§ **Recorded information**
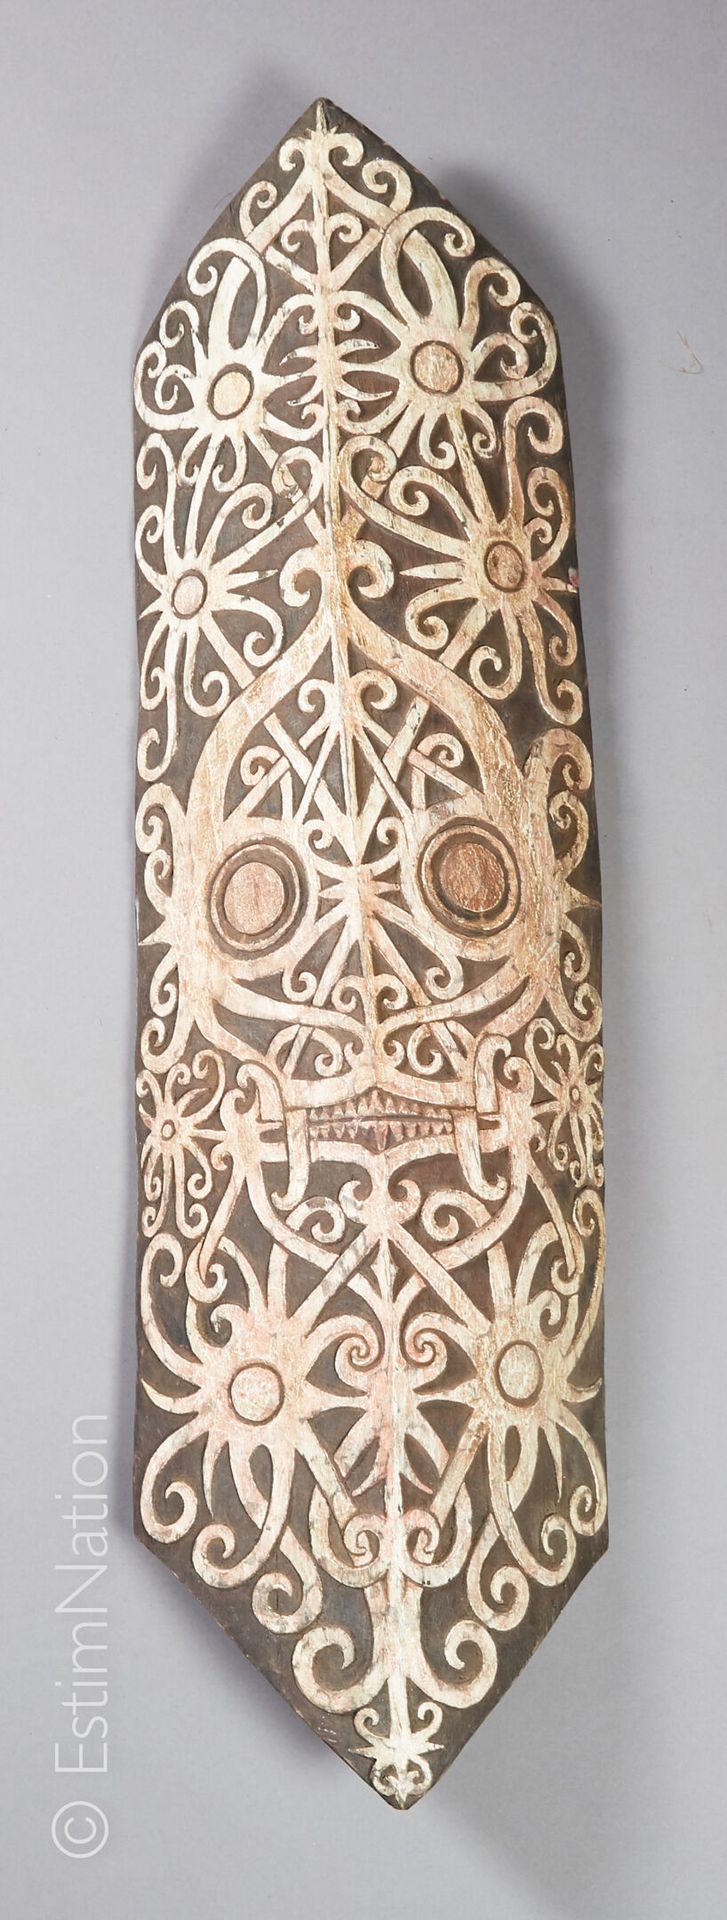 DAYAK - BORNEO 
达亚克-伯尔尼奥









木雕盾牌，用天然颜料强化，有交错的风格化装饰，有模拟太阳的眼睛和突出的下巴的神灵面具。


&hellip;

§ **Activity**
The lines you need run from the one containing "木雕盾牌，用天然颜料强化，有" to the end of the listing. Output exactly those, both ends included.

§ **Reply**
木雕盾牌，用天然颜料强化，有交错的风格化装饰，有模拟太阳的眼睛和突出的下巴的神灵面具。


&hellip;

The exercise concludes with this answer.